- [Source data]
────
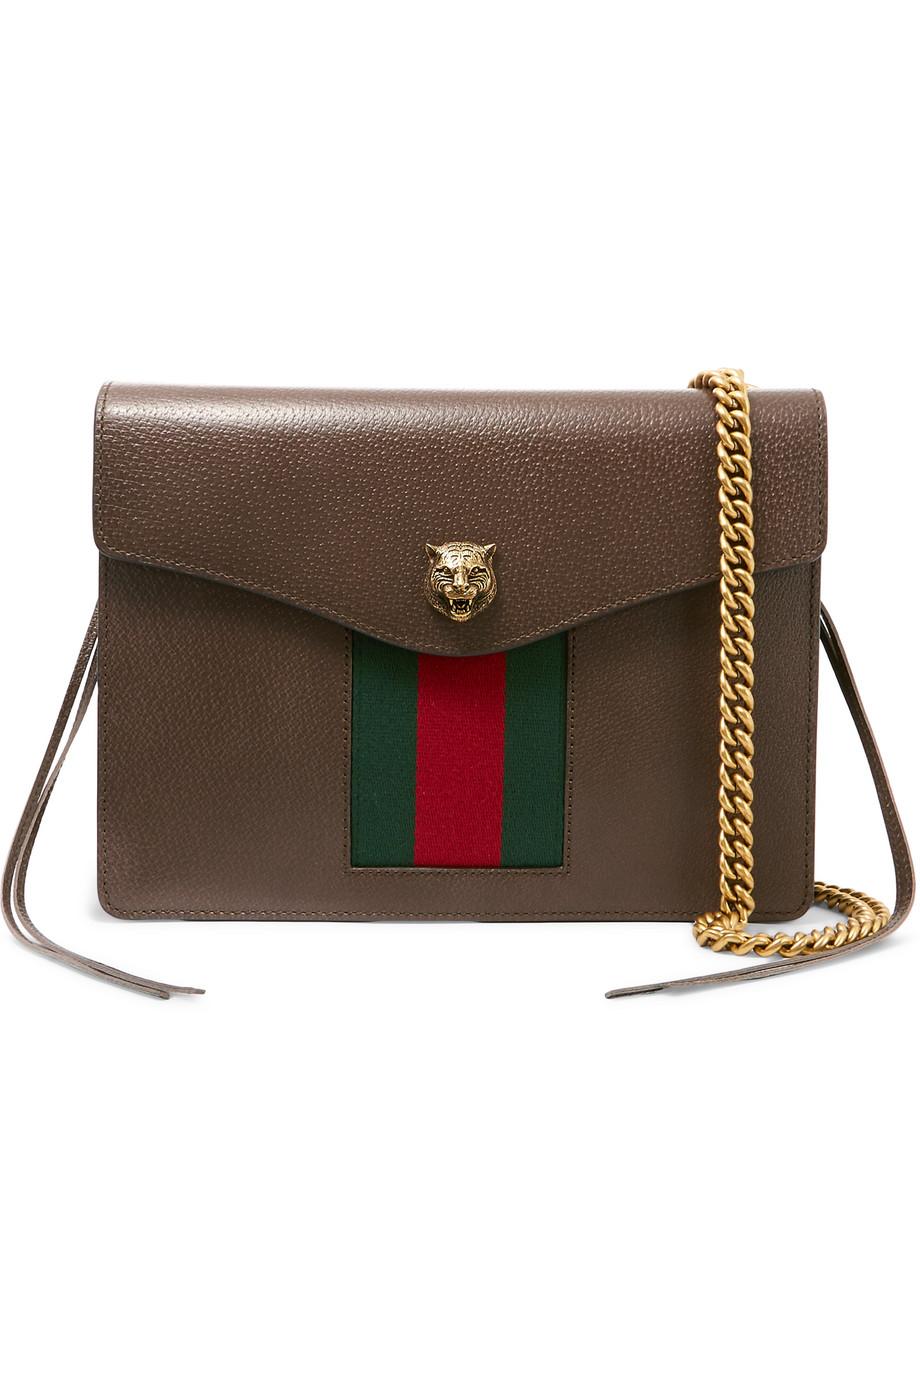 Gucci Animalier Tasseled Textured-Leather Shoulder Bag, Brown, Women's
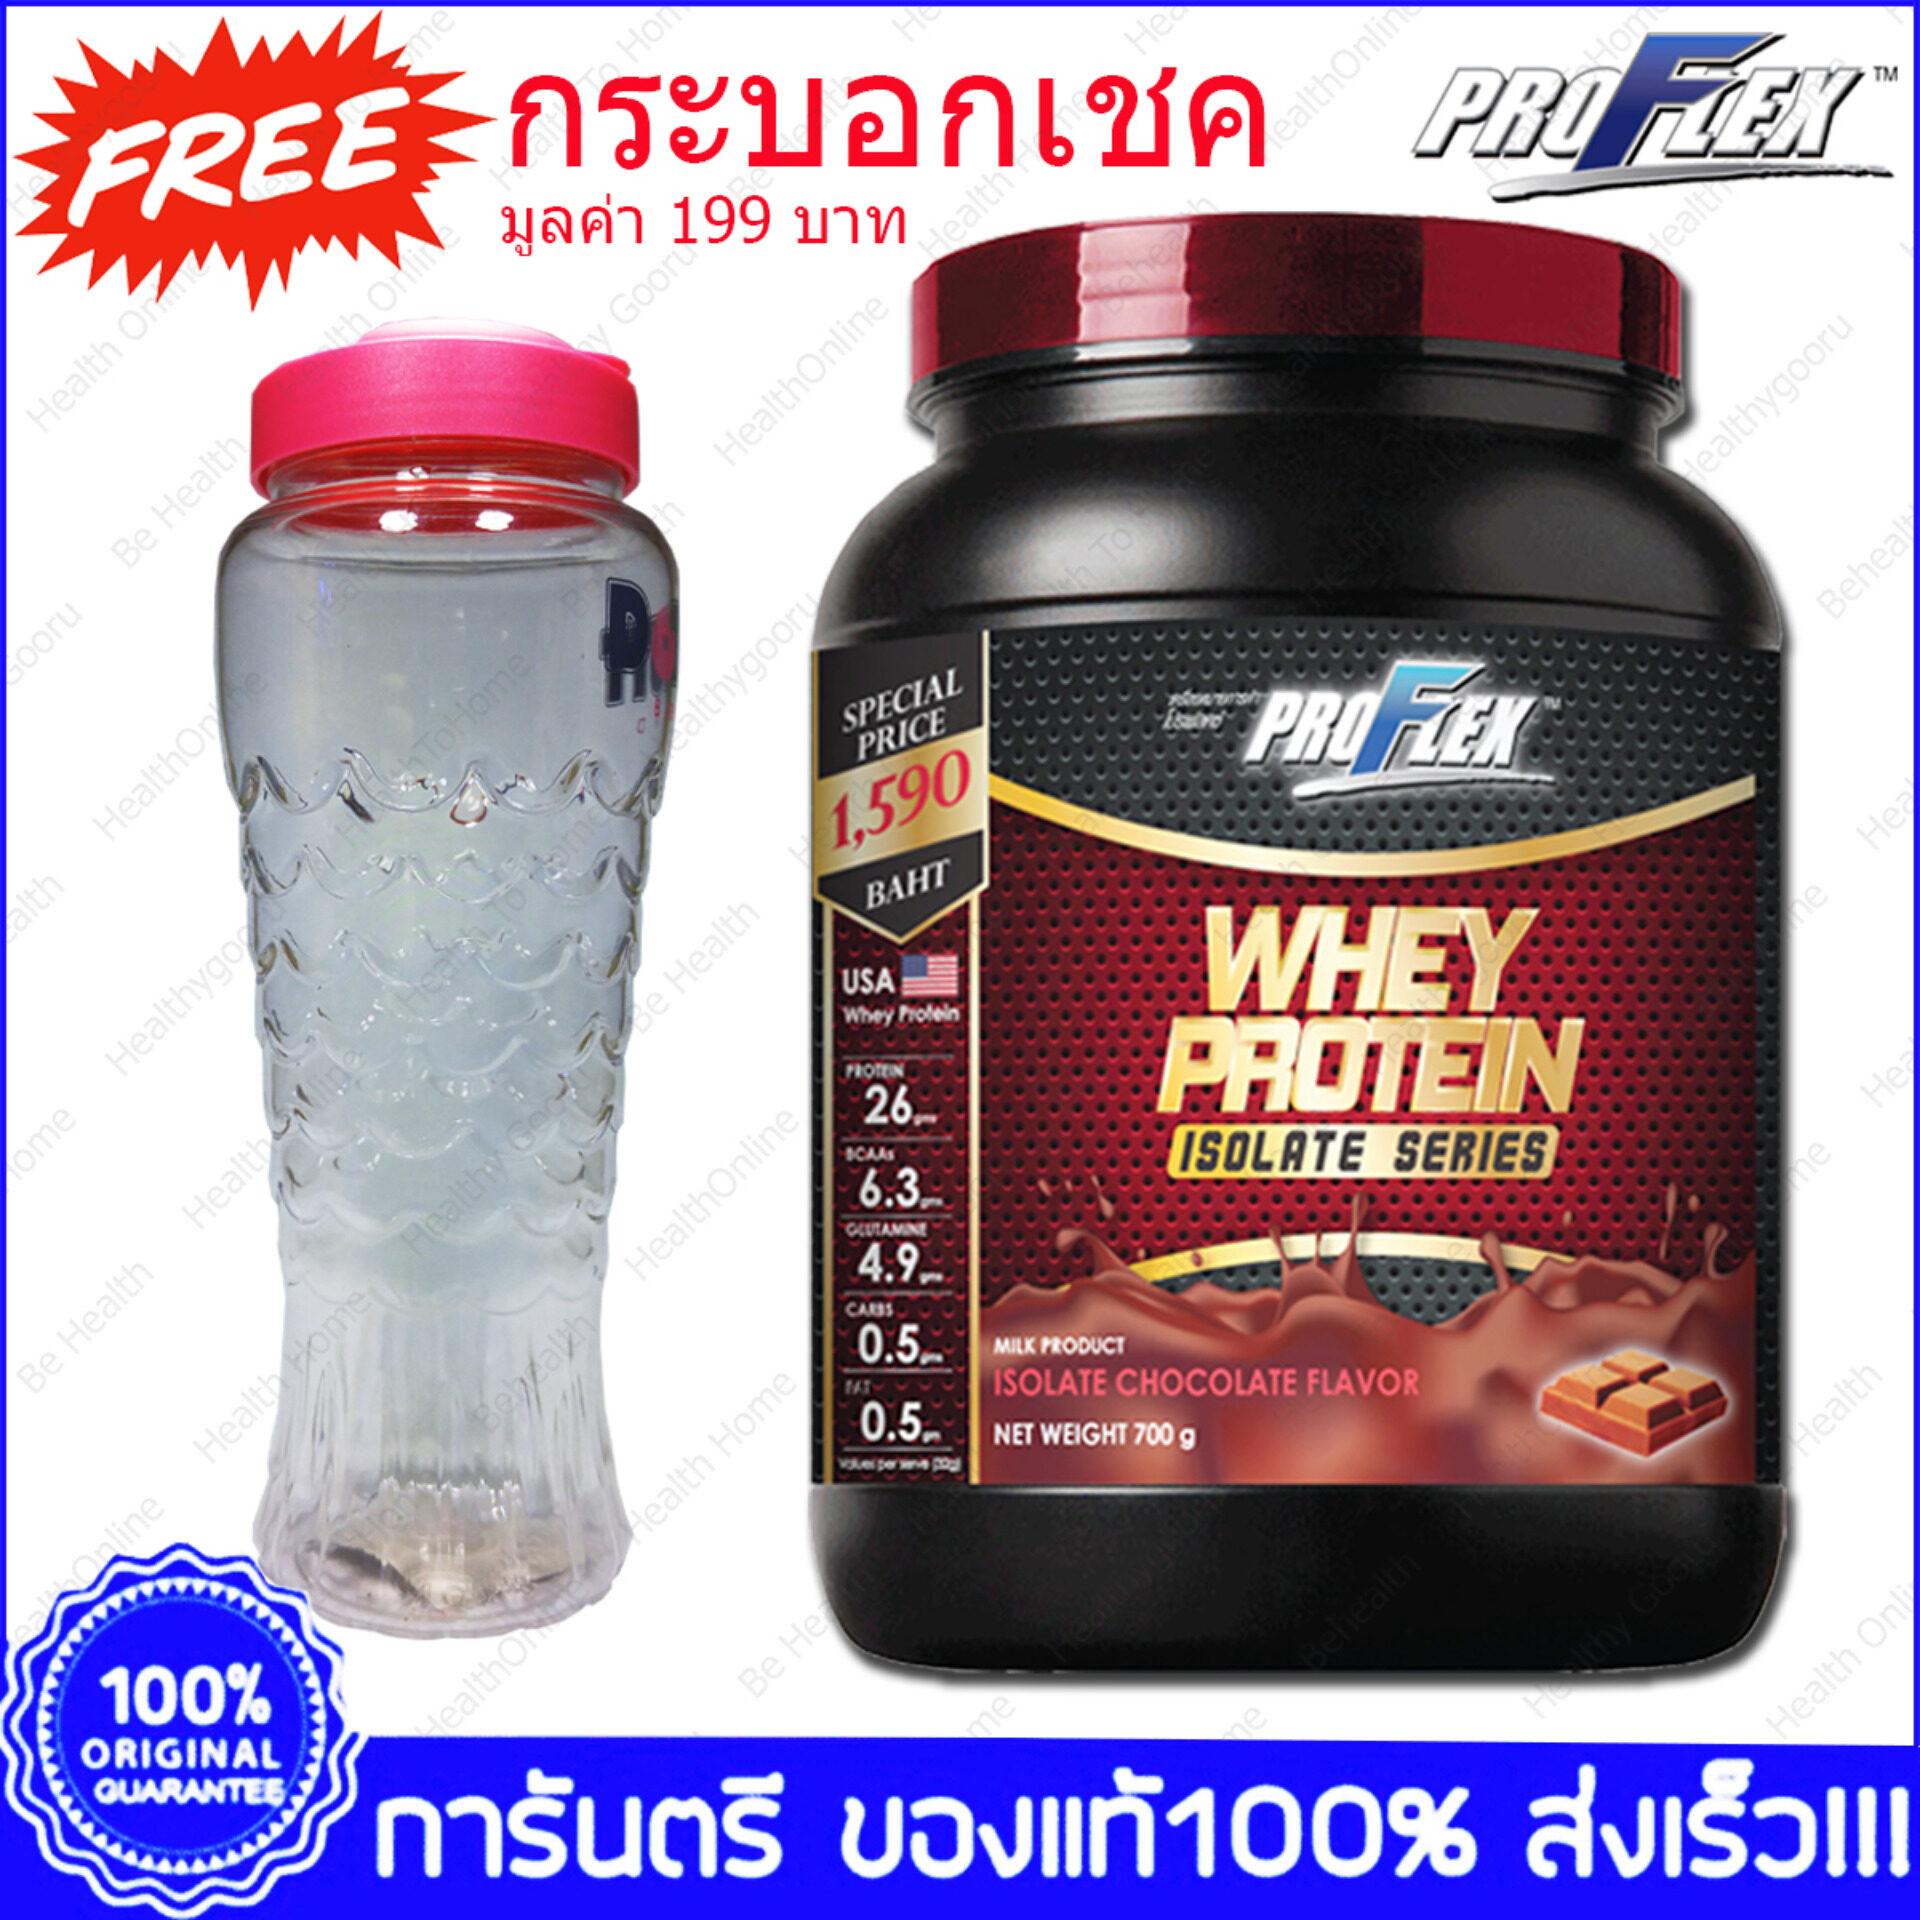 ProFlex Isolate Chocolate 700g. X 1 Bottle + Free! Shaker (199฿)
────
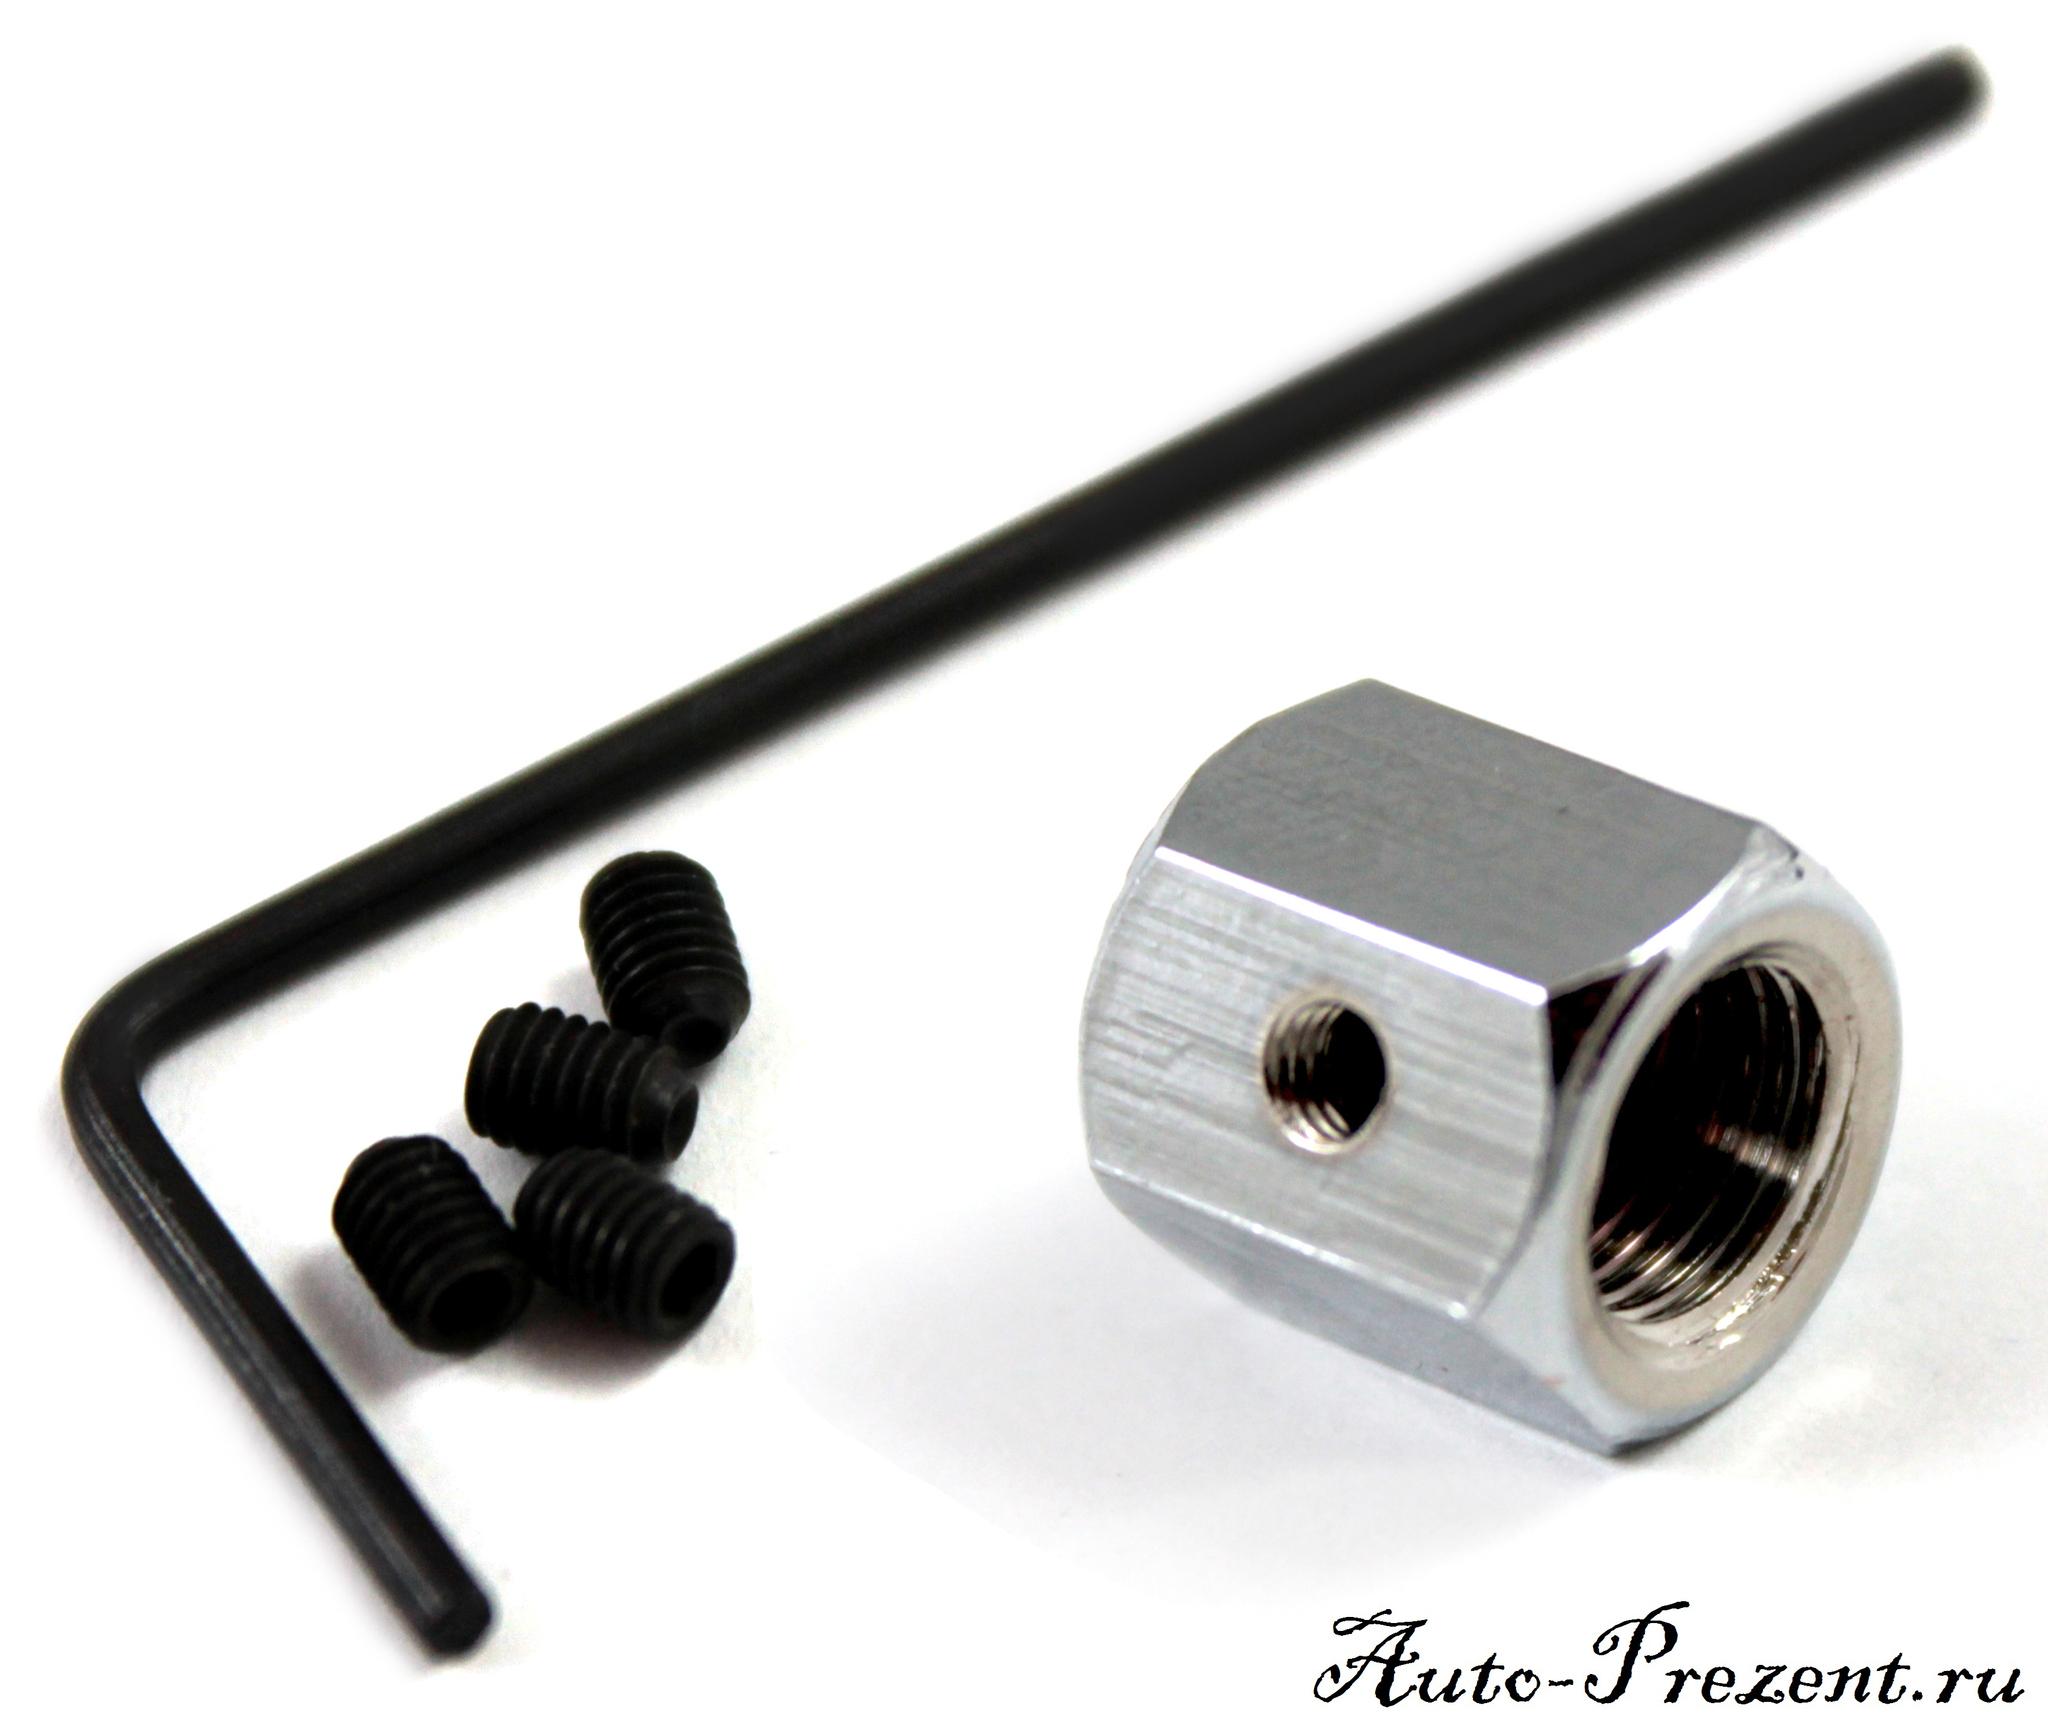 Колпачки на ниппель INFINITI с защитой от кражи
────
- [Activity] In the records above, find the line with "Gucci Animalier Tasseled" and the line with "ProFlex Isolate Chocolate". Write out exactly those lines and every one between, with no pictures and no other lines.

- [Solution below]
 Gucci Animalier Tasseled Textured-Leather Shoulder Bag, Brown, Women's
 ProFlex Isolate Chocolate 700g. X 1 Bottle + Free! Shaker (199฿)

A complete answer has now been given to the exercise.